## DATASET CONTENT
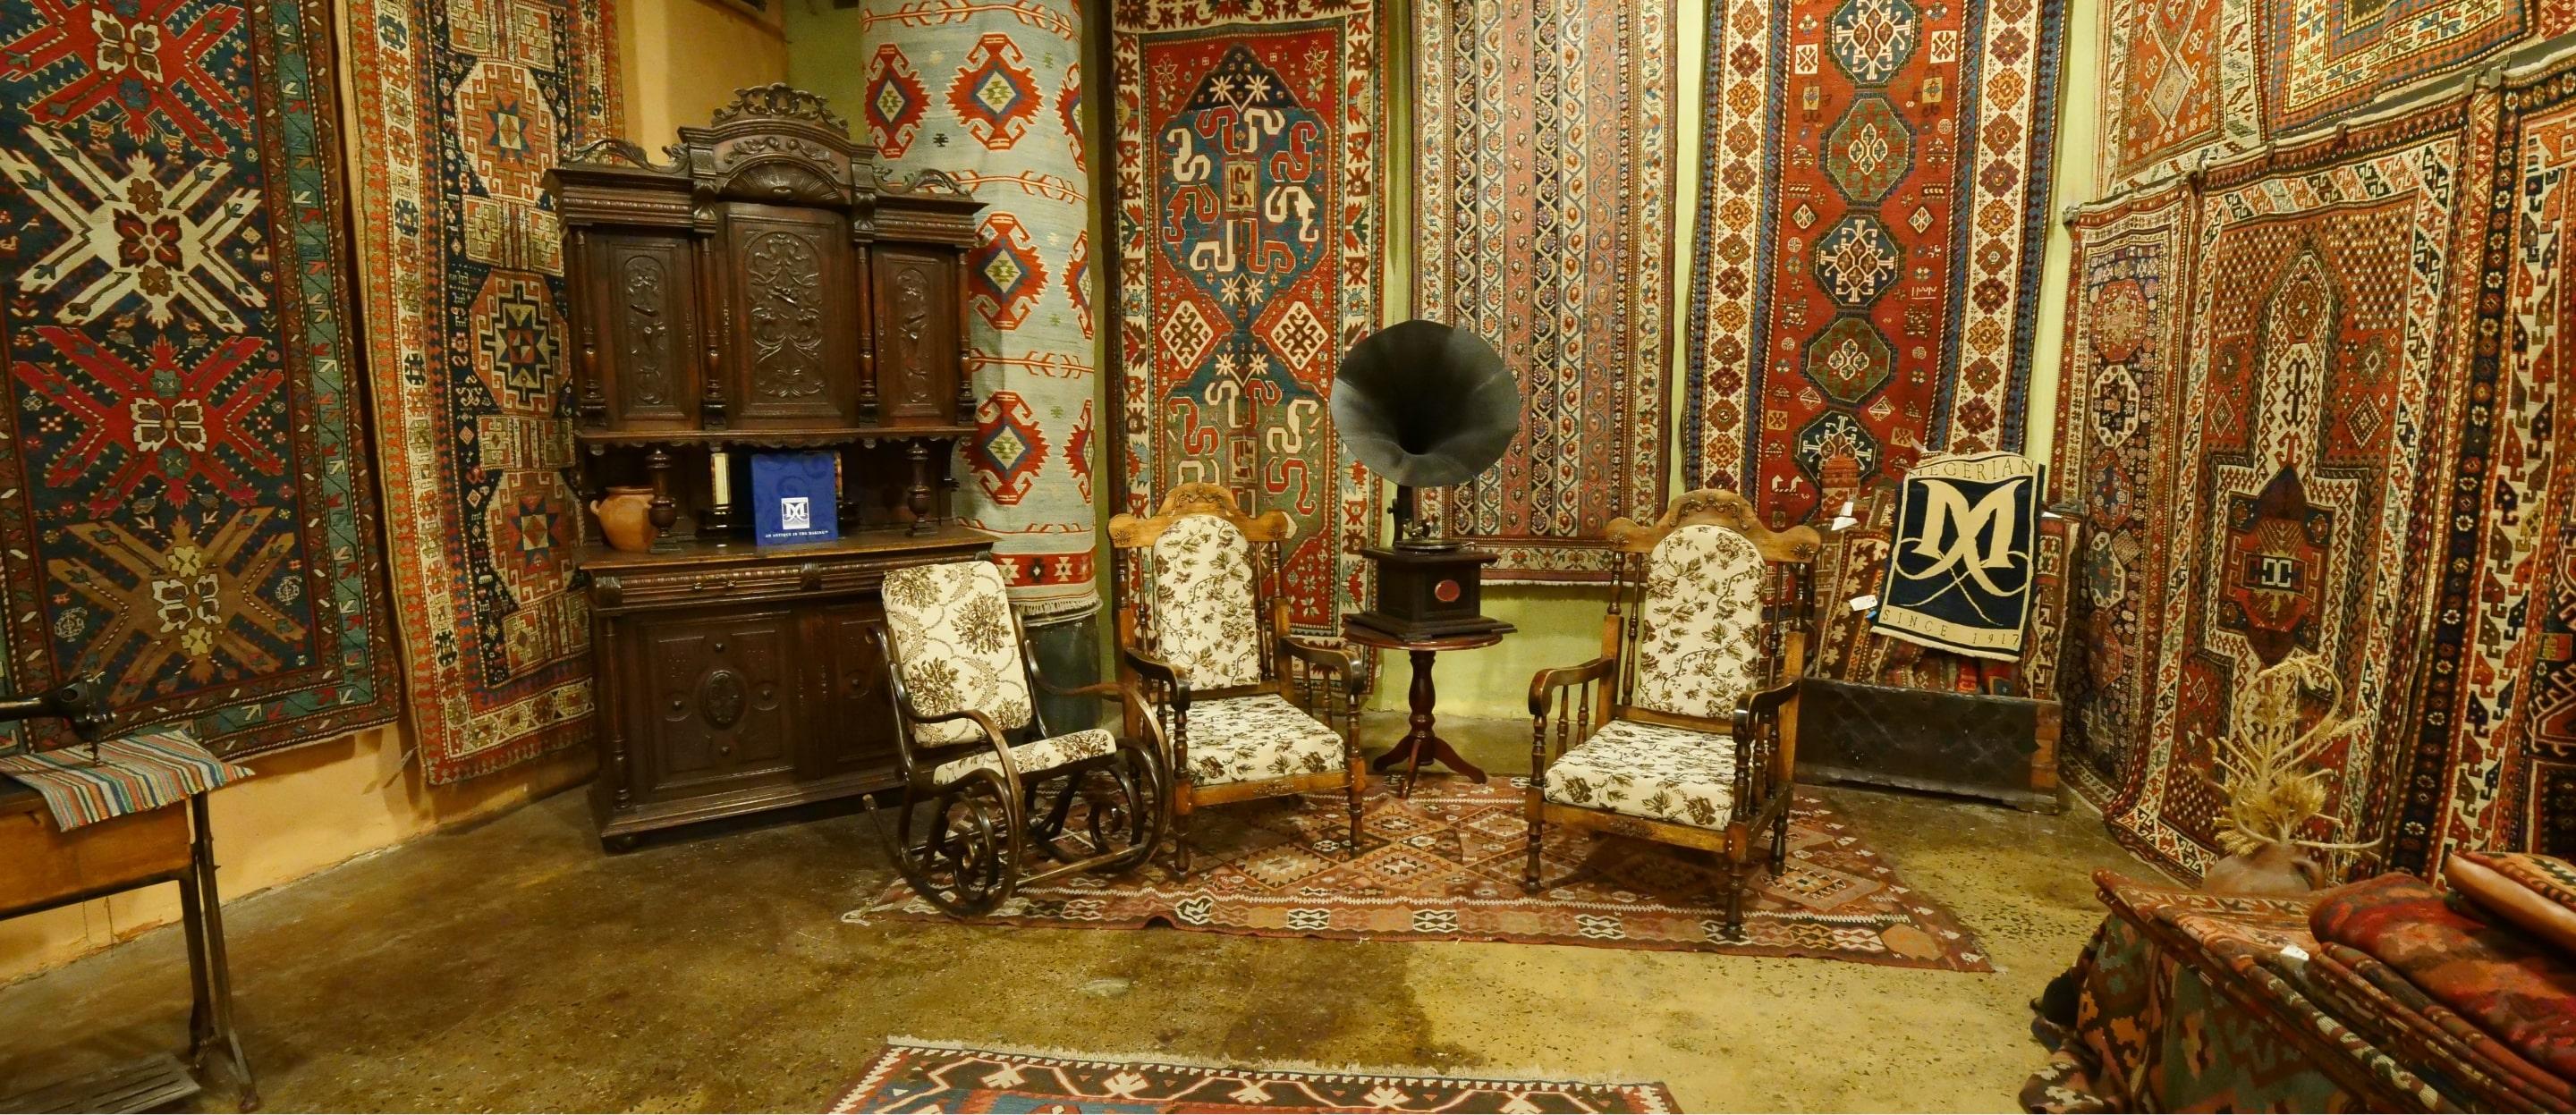 Museums_Megerian Carpet Factory_T-min
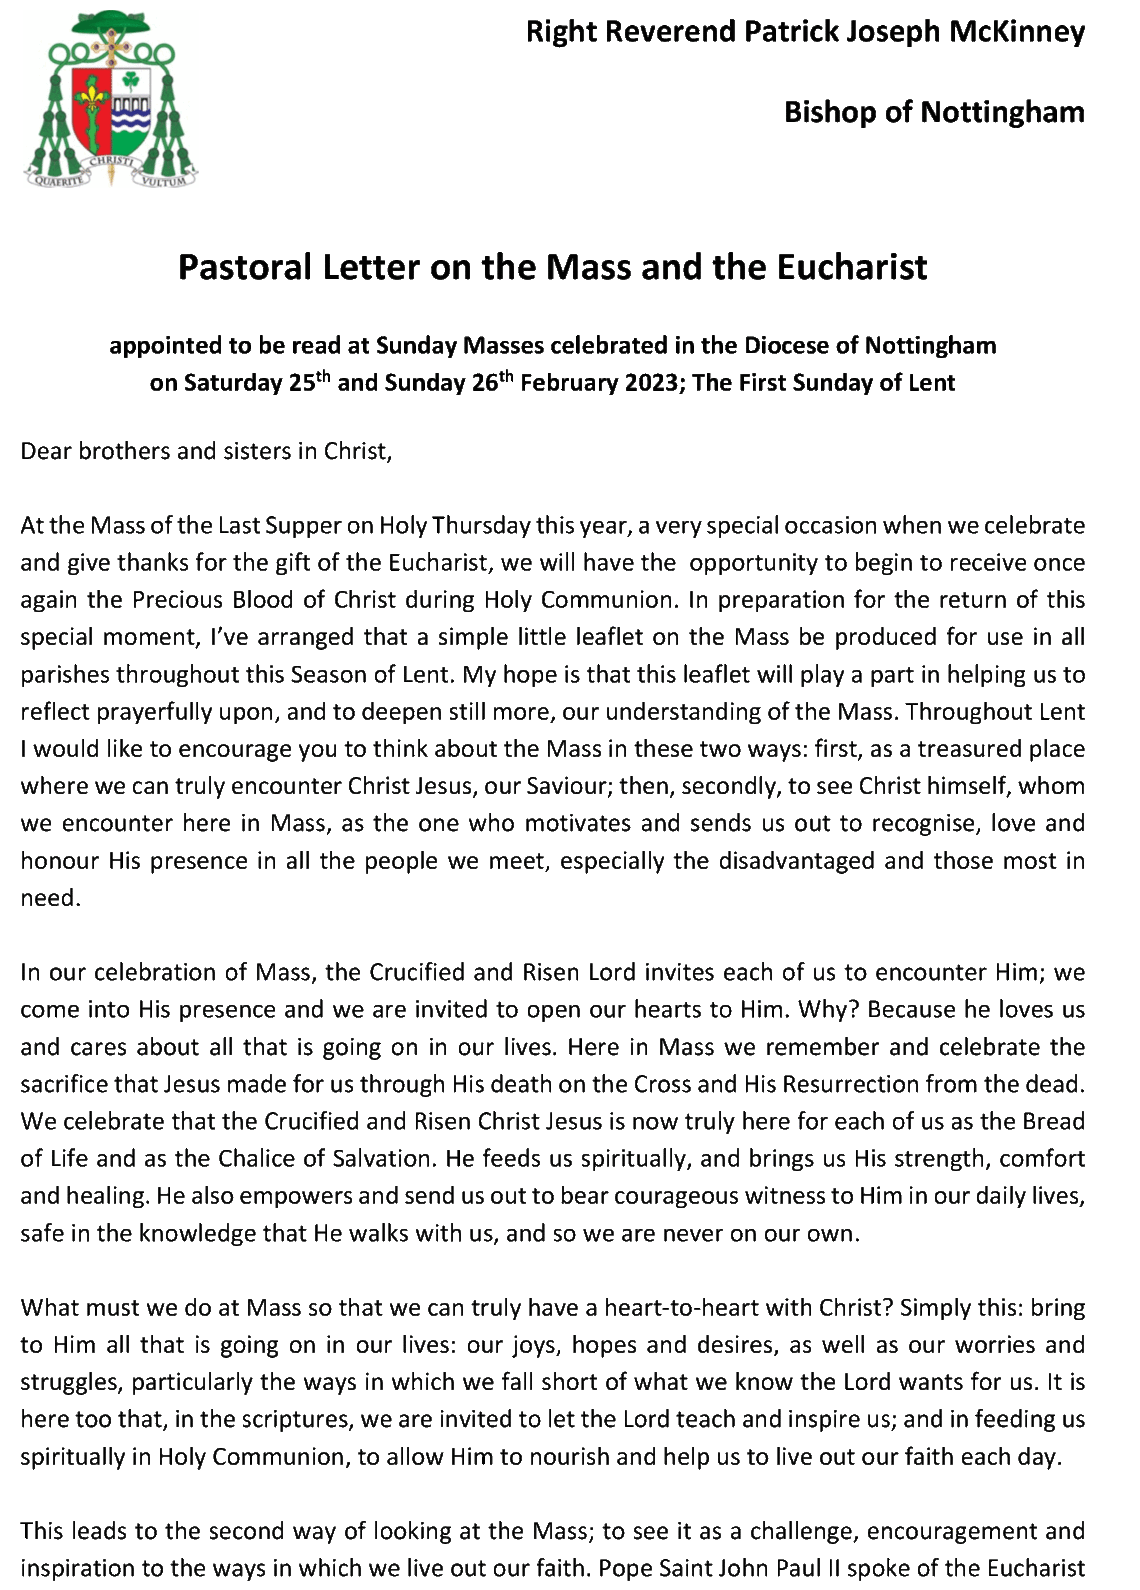 Bishops Letter
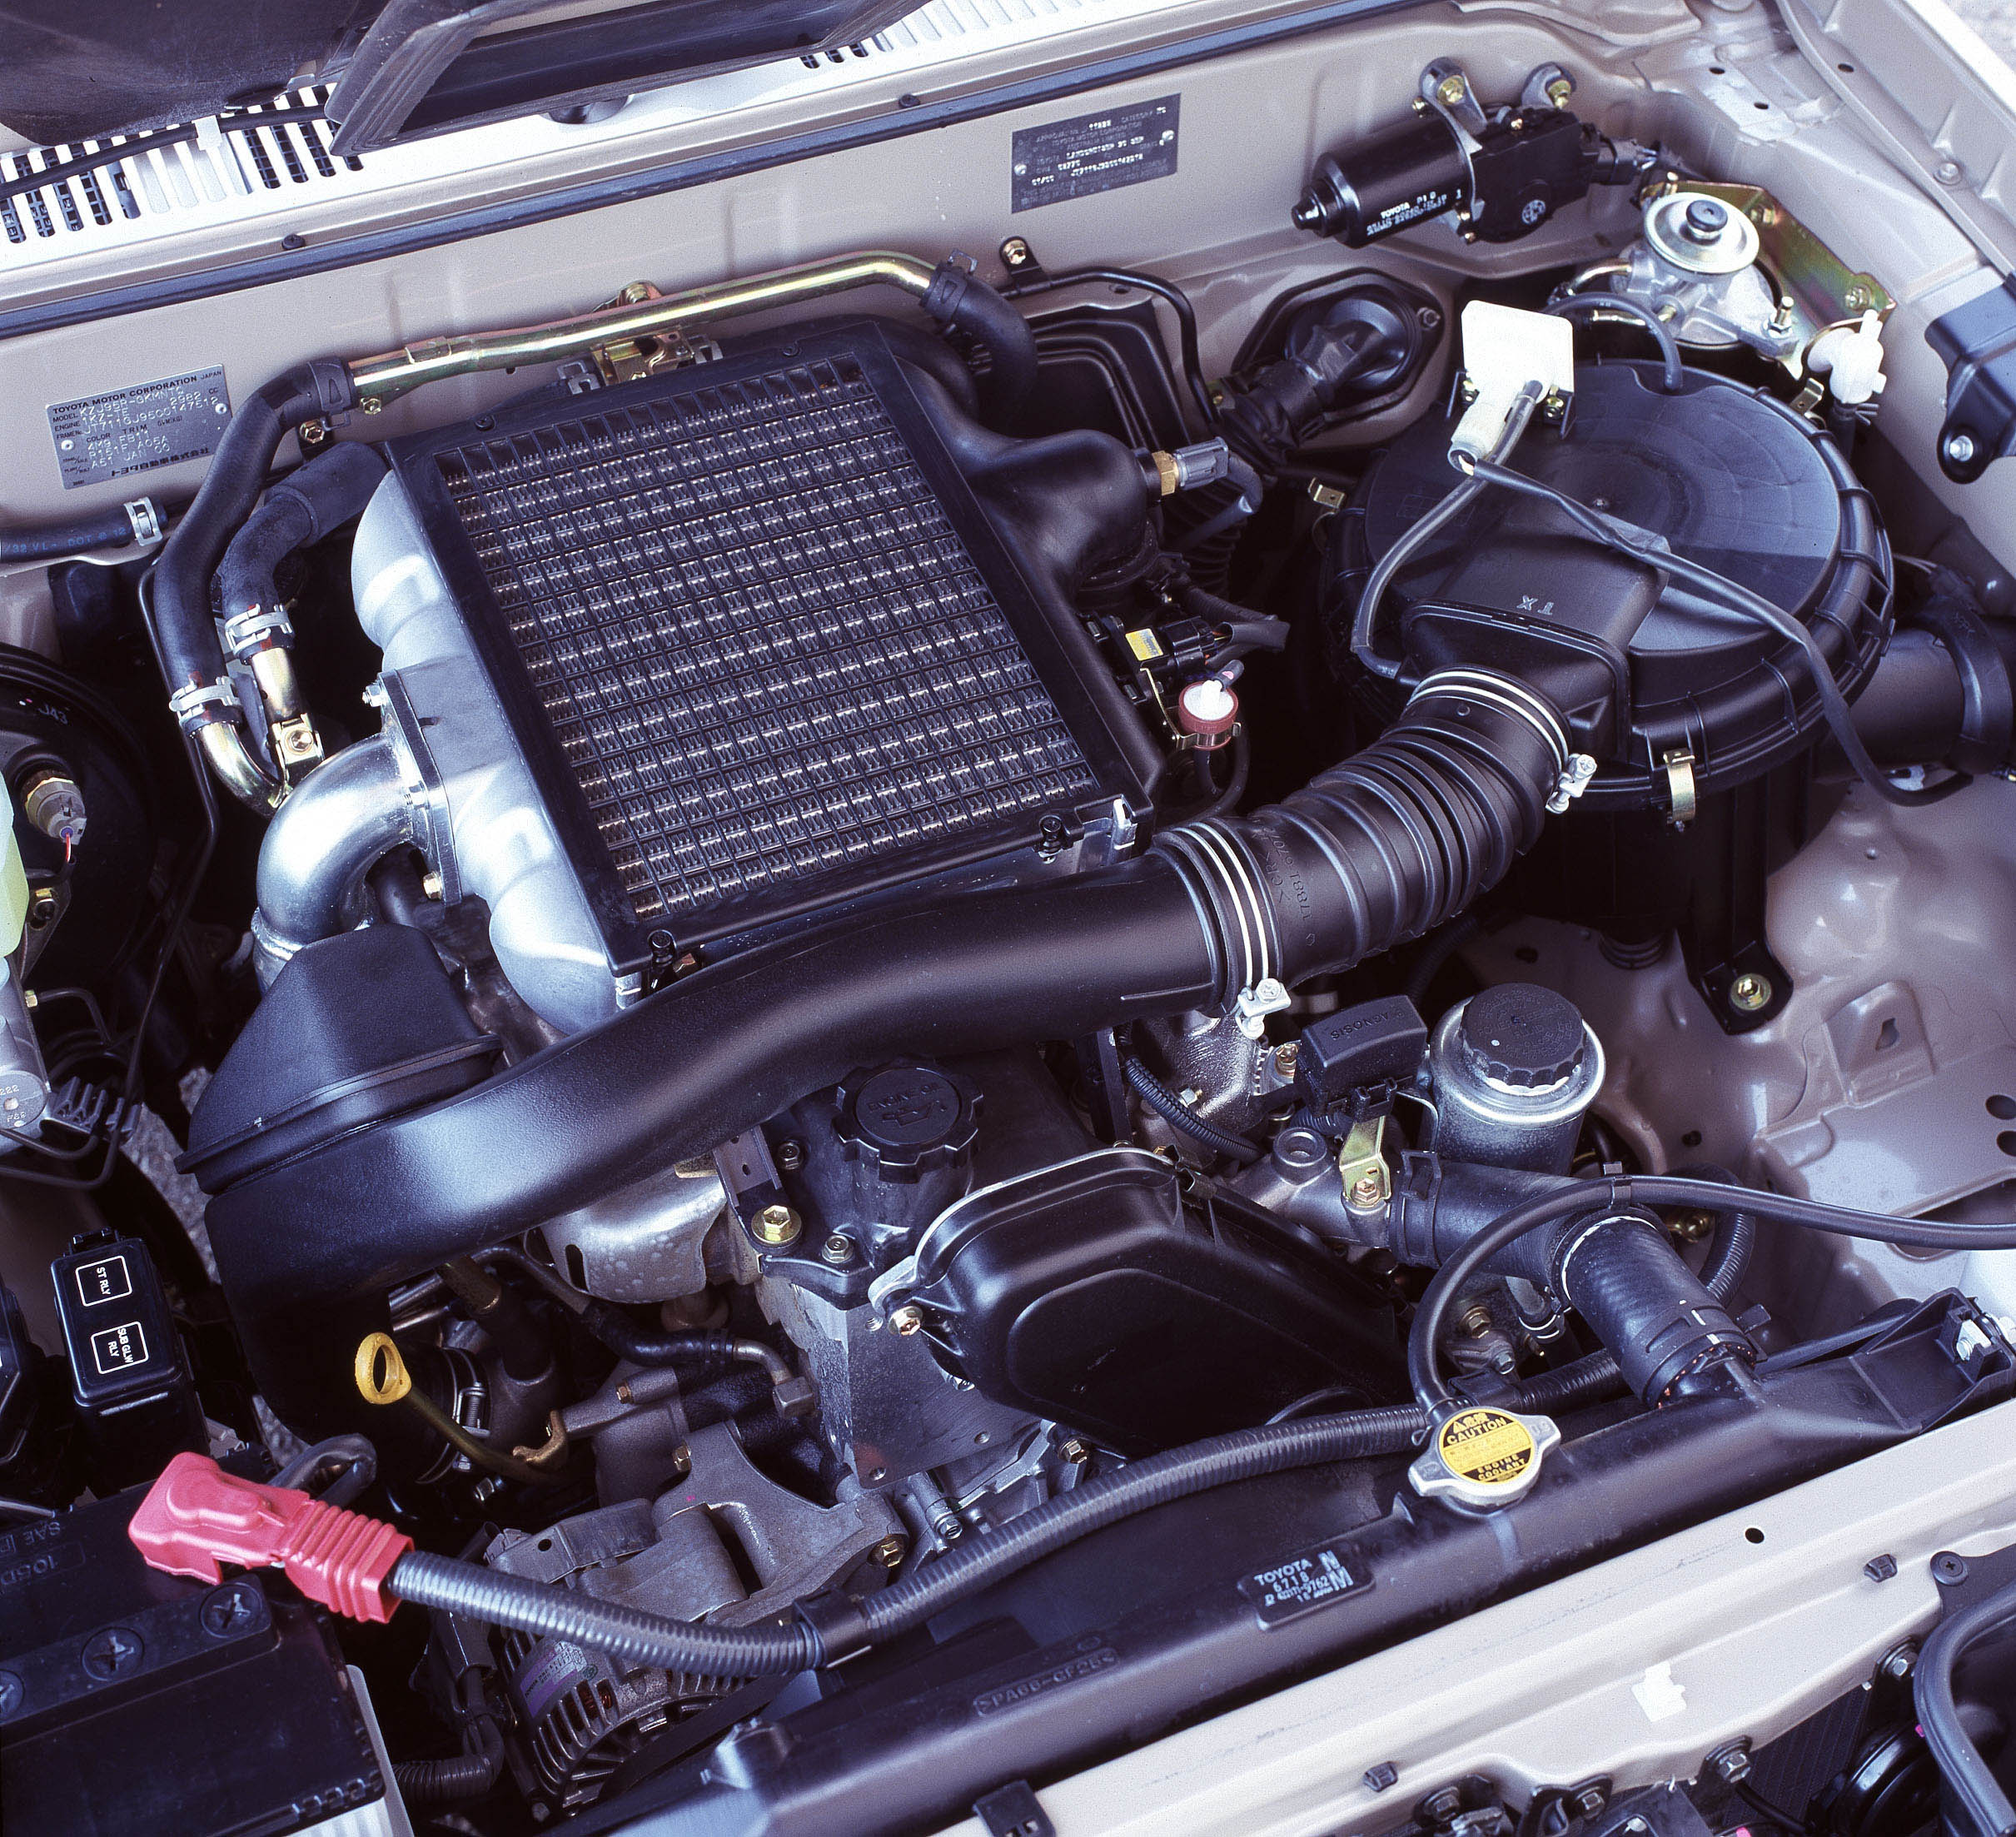 1KZ-TE Toyota engine

## WORK TO COMPLETE
Only the pictures are to be left out; write out all the other data exactly.

## ANSWER FOR THE TASK
 Museums_Megerian Carpet Factory_T-min
 Bishops Letter
 1KZ-TE Toyota engine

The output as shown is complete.